* _Work request_: Retype, without pictures, the line holding "The stately Vespers" and each line below it through the final line.
+++ Dataset excerpt
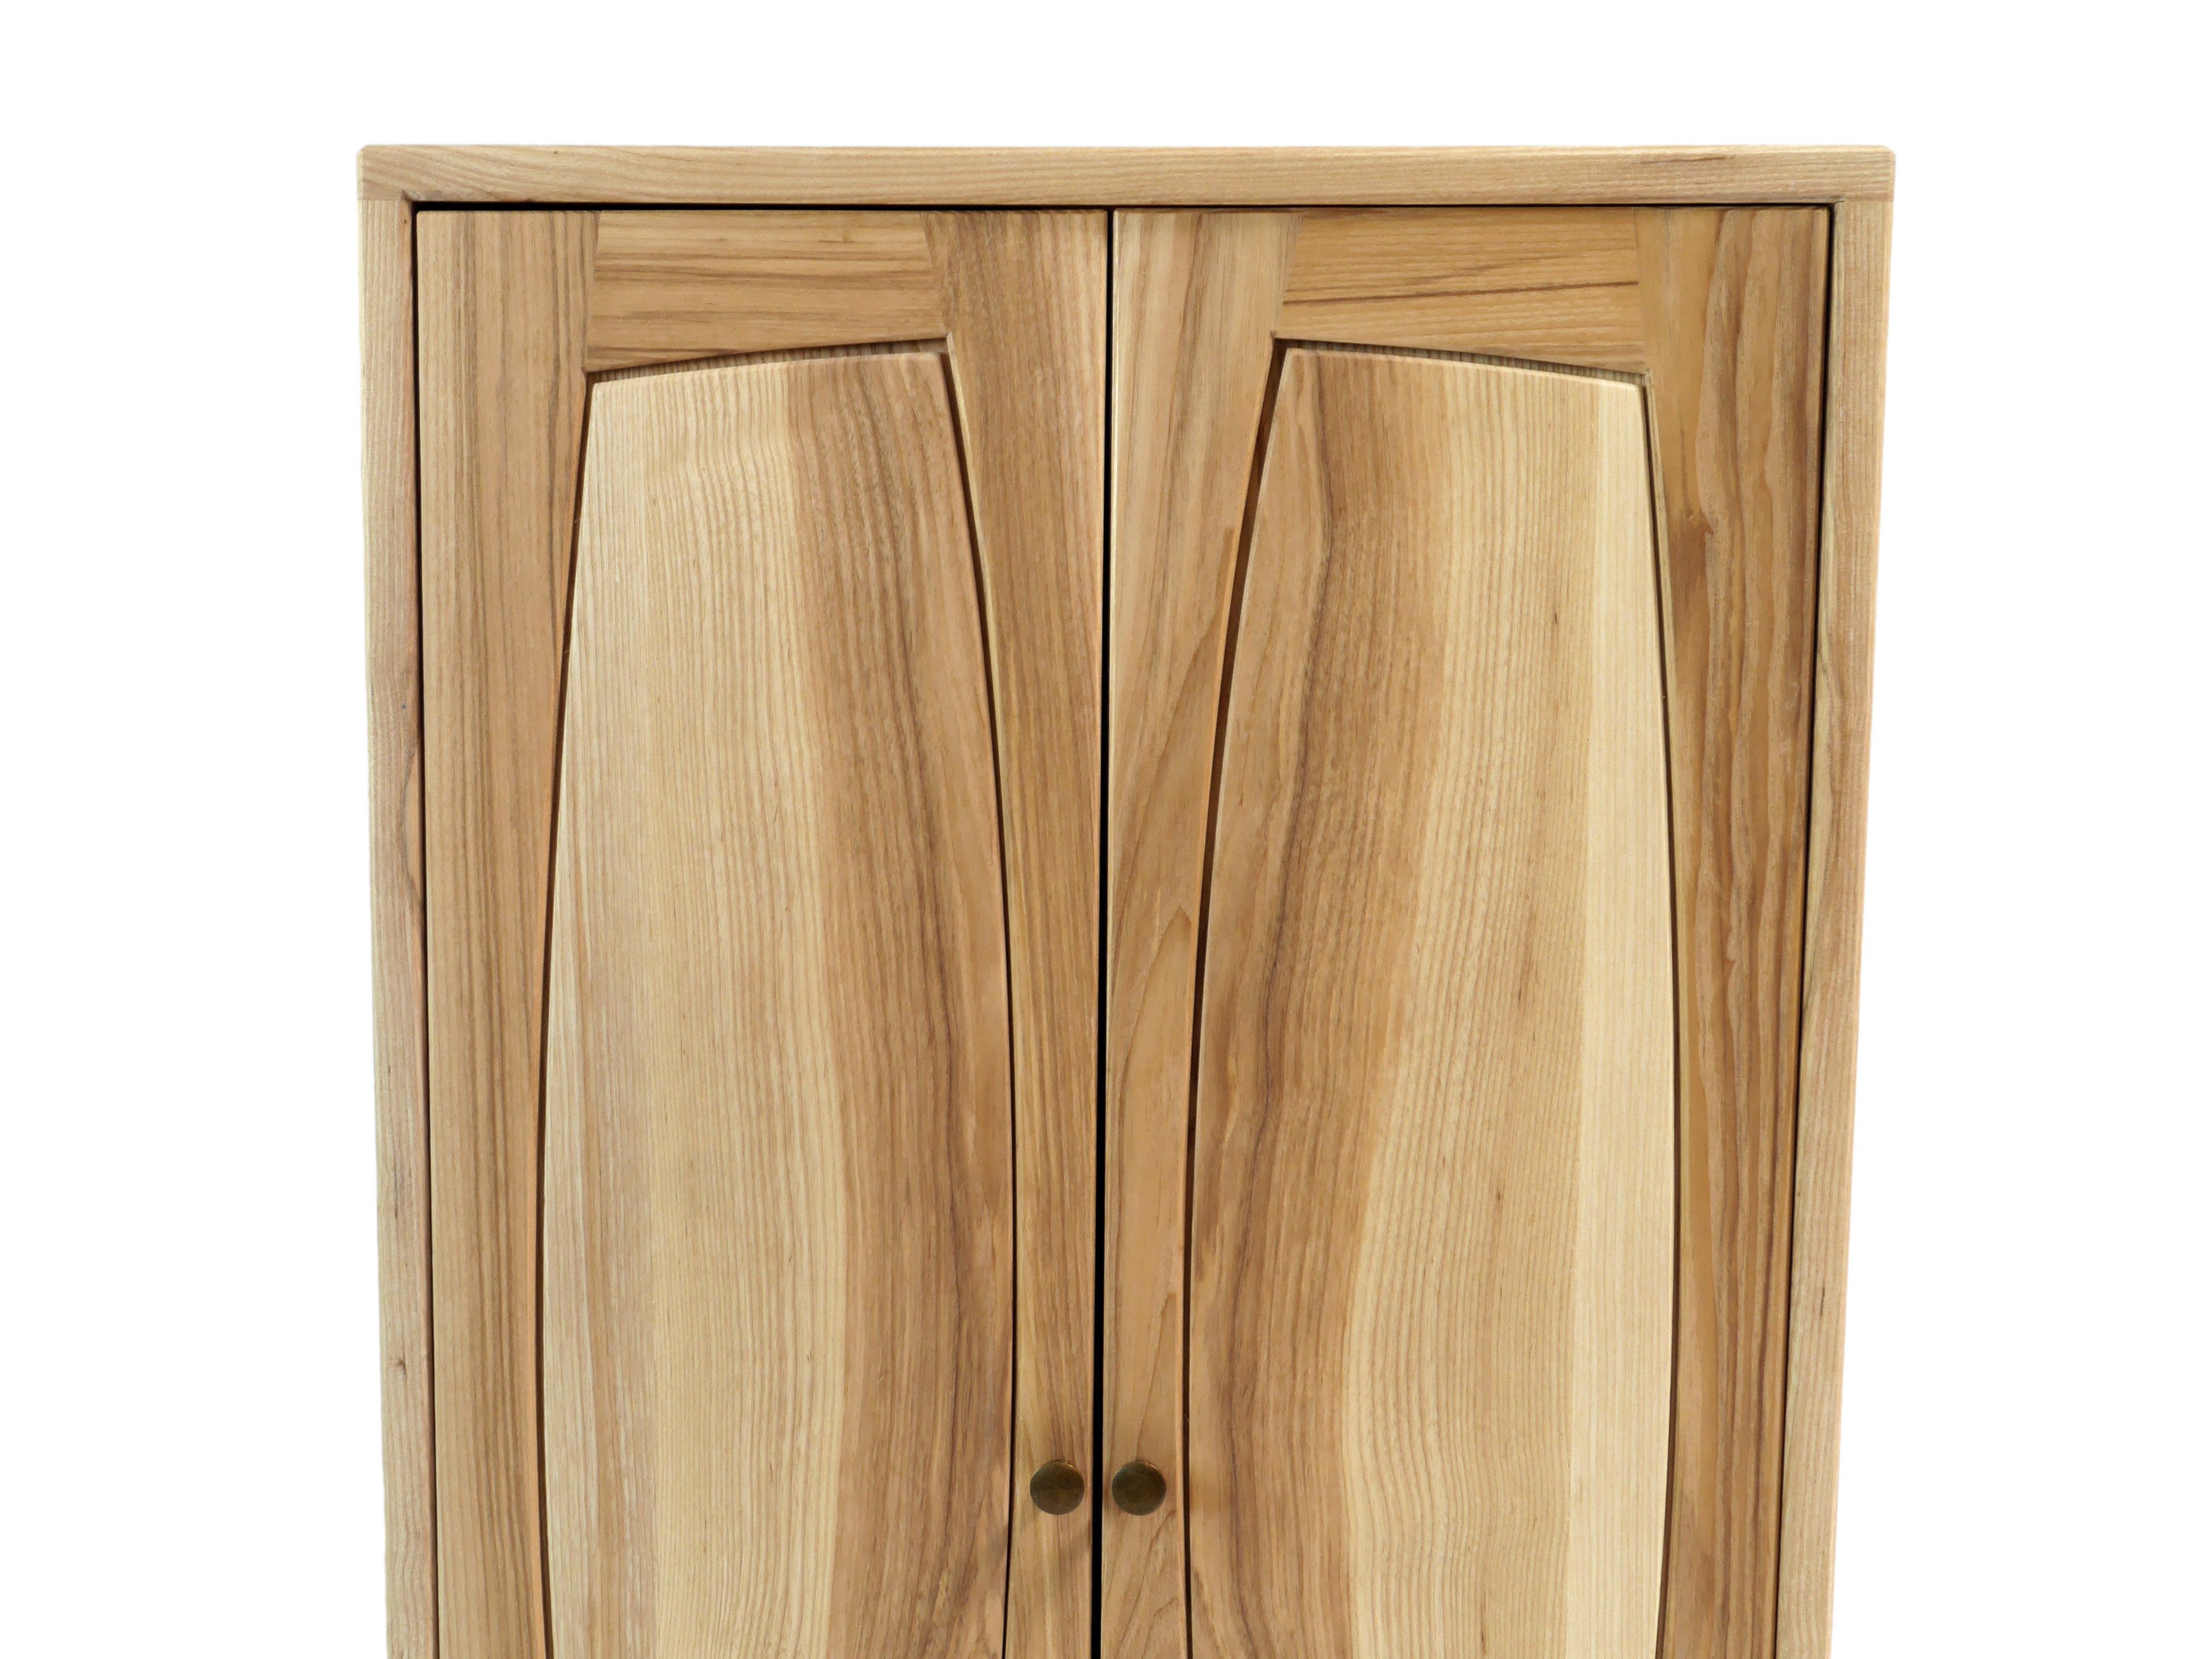 We have one of these in stock, available to ship now.

The stately Vespers Side Cabinet is built of solid ash hardwood with a black walnut stand. Its two doors are made with curved frame and raised panel construction adding playfulness to a
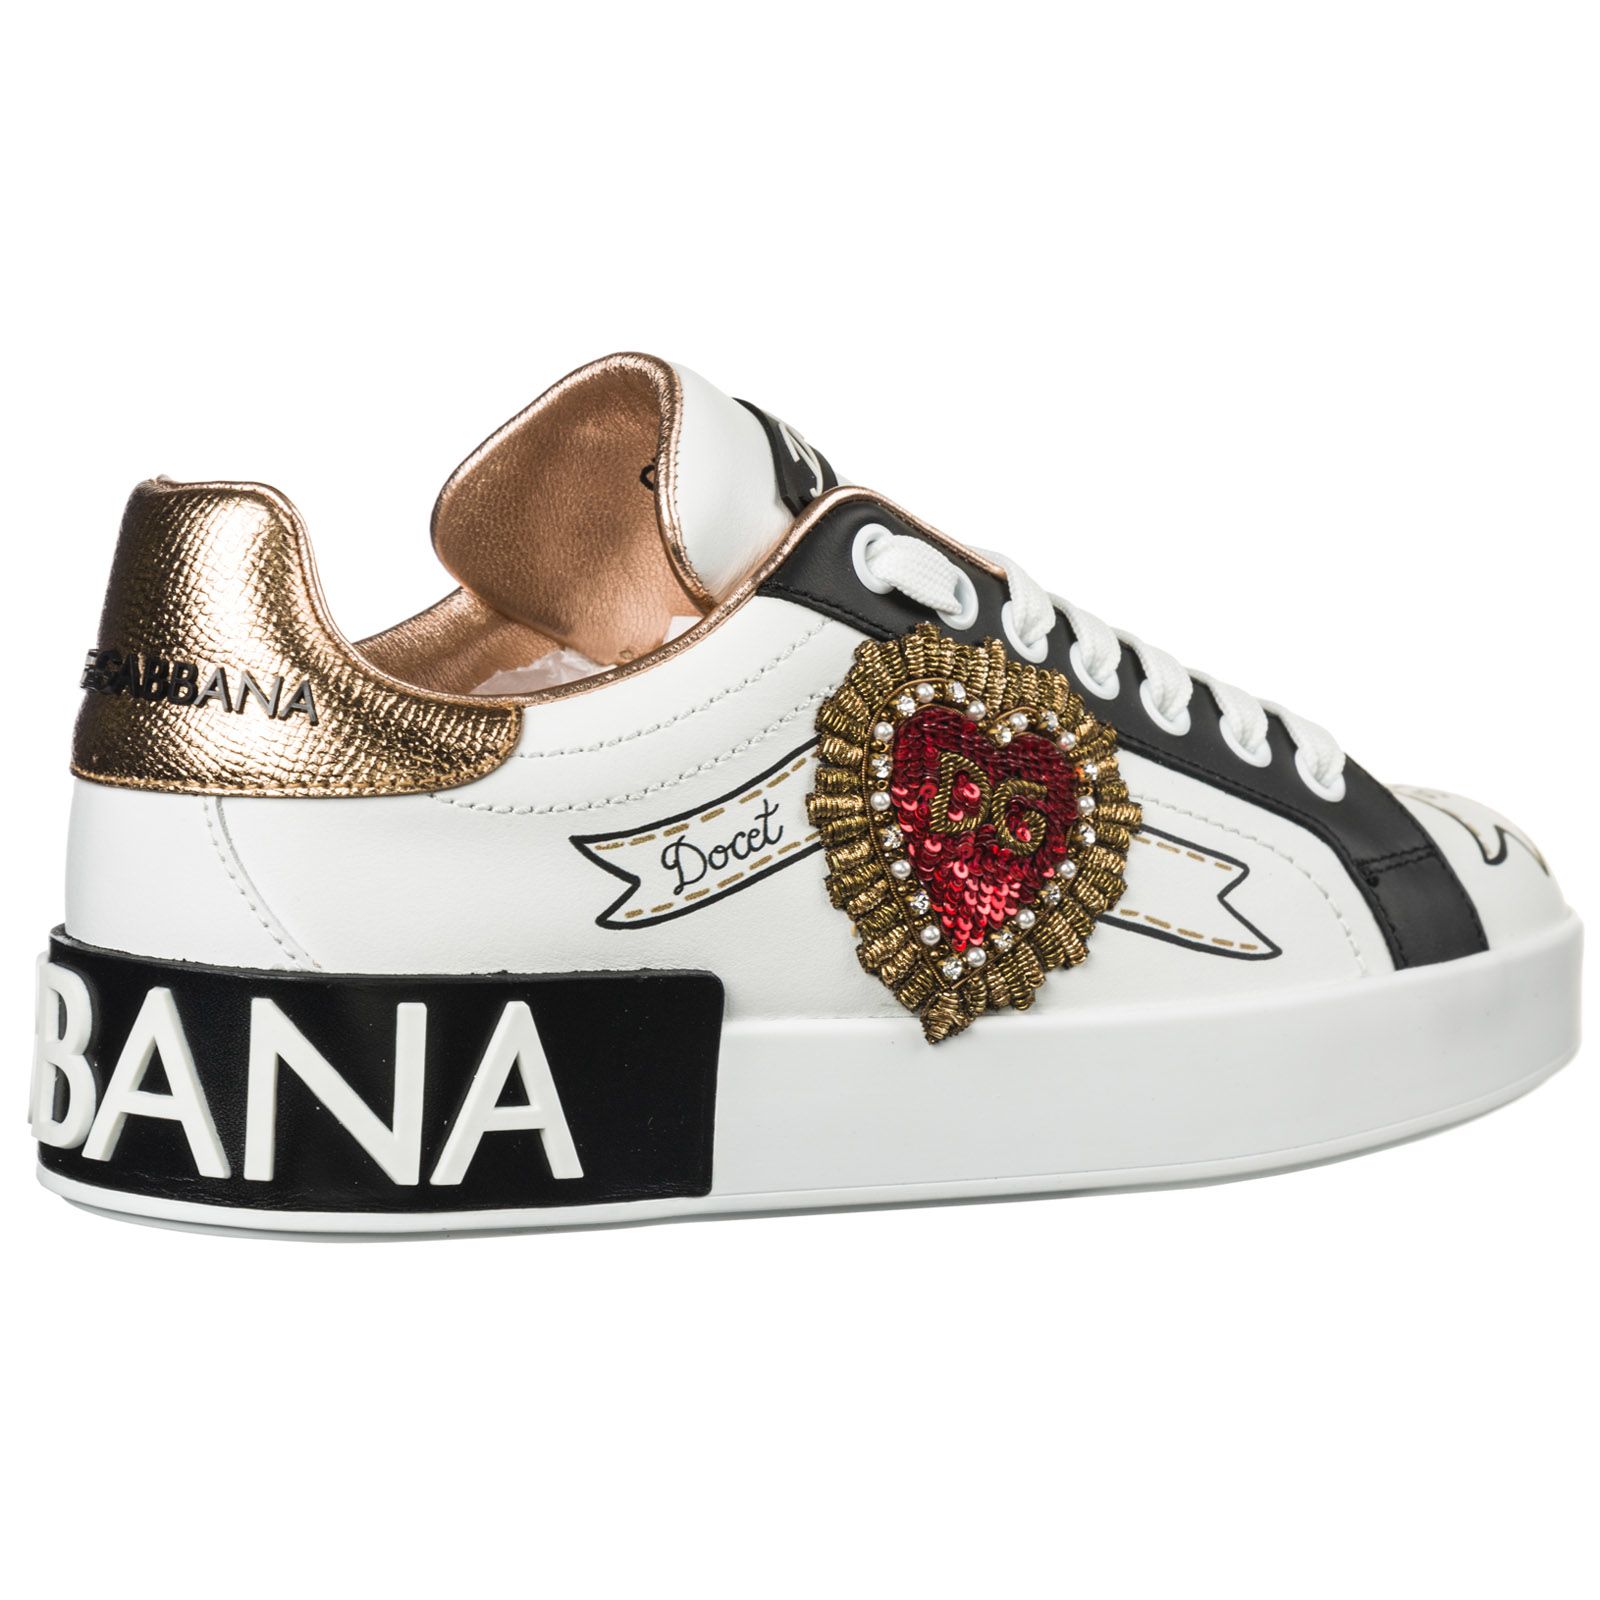 Dolce & Gabbana Dolce & Gabbana Shoes Leather Trainers Sneakers
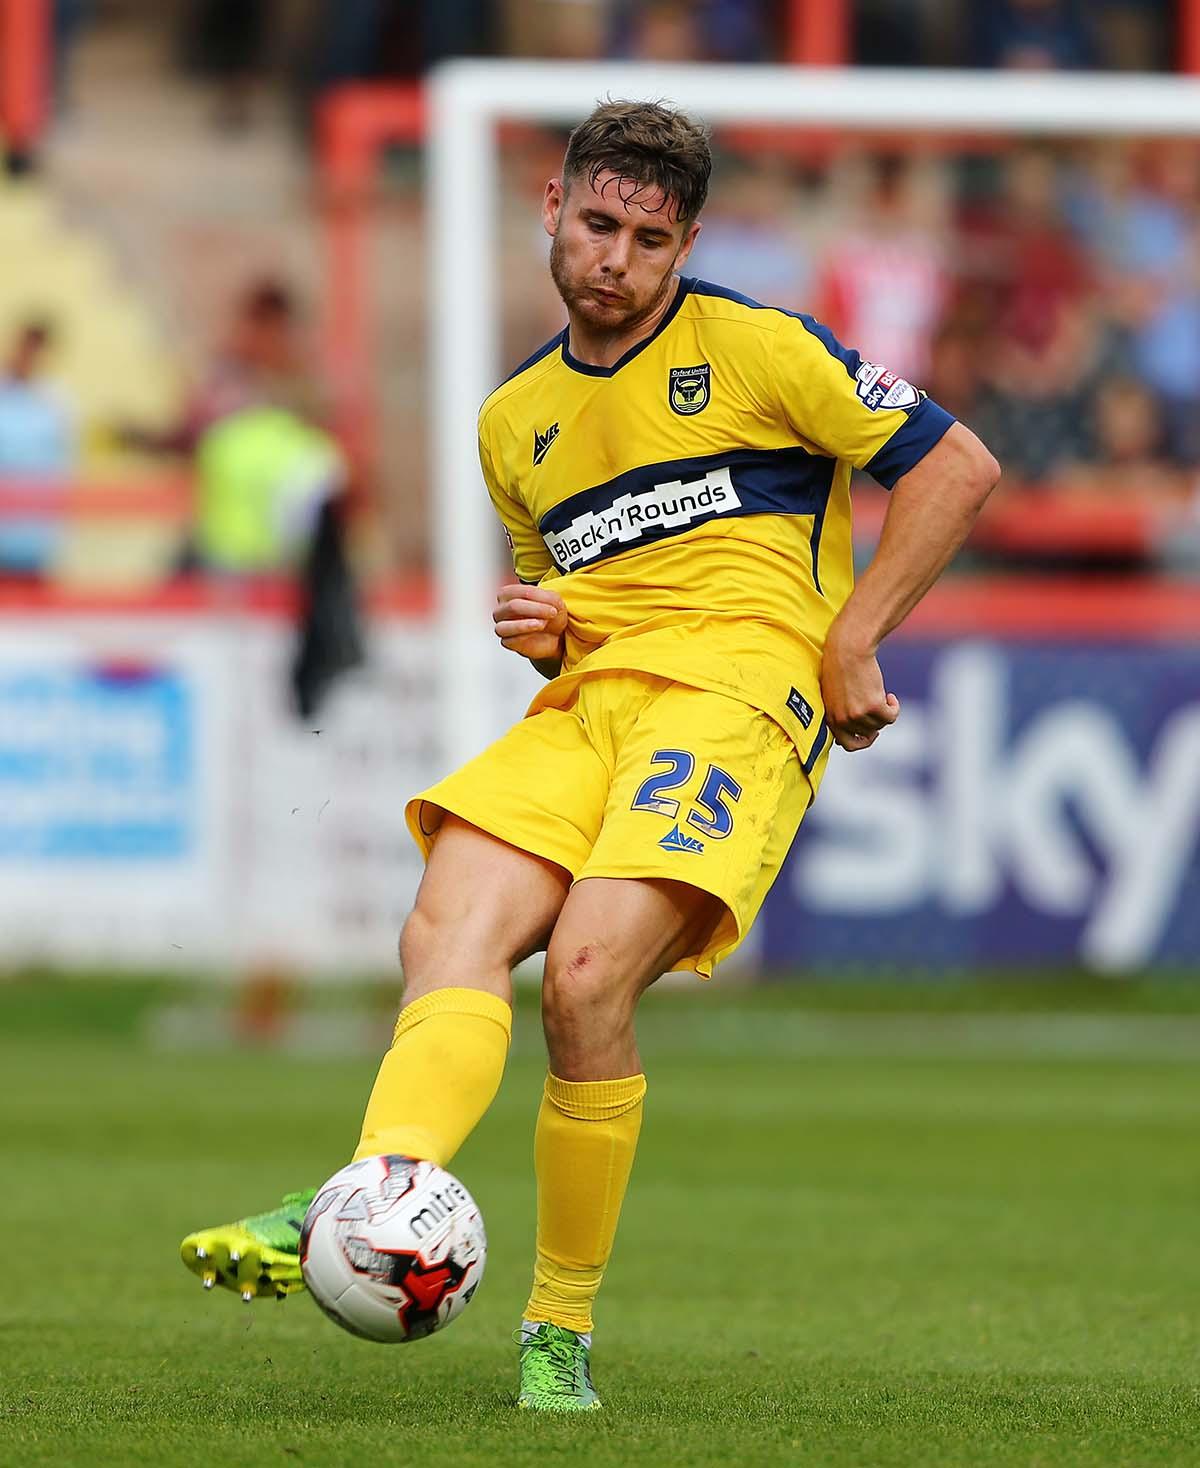 Oxford United play away at Exeter City
++++++
* _Written solution_:
The stately Vespers Side Cabinet is built of solid ash hardwood with a black walnut stand. Its two doors are made with curved frame and raised panel construction adding playfulness to a
 Dolce & Gabbana Dolce & Gabbana Shoes Leather Trainers Sneakers
 Oxford United play away at Exeter City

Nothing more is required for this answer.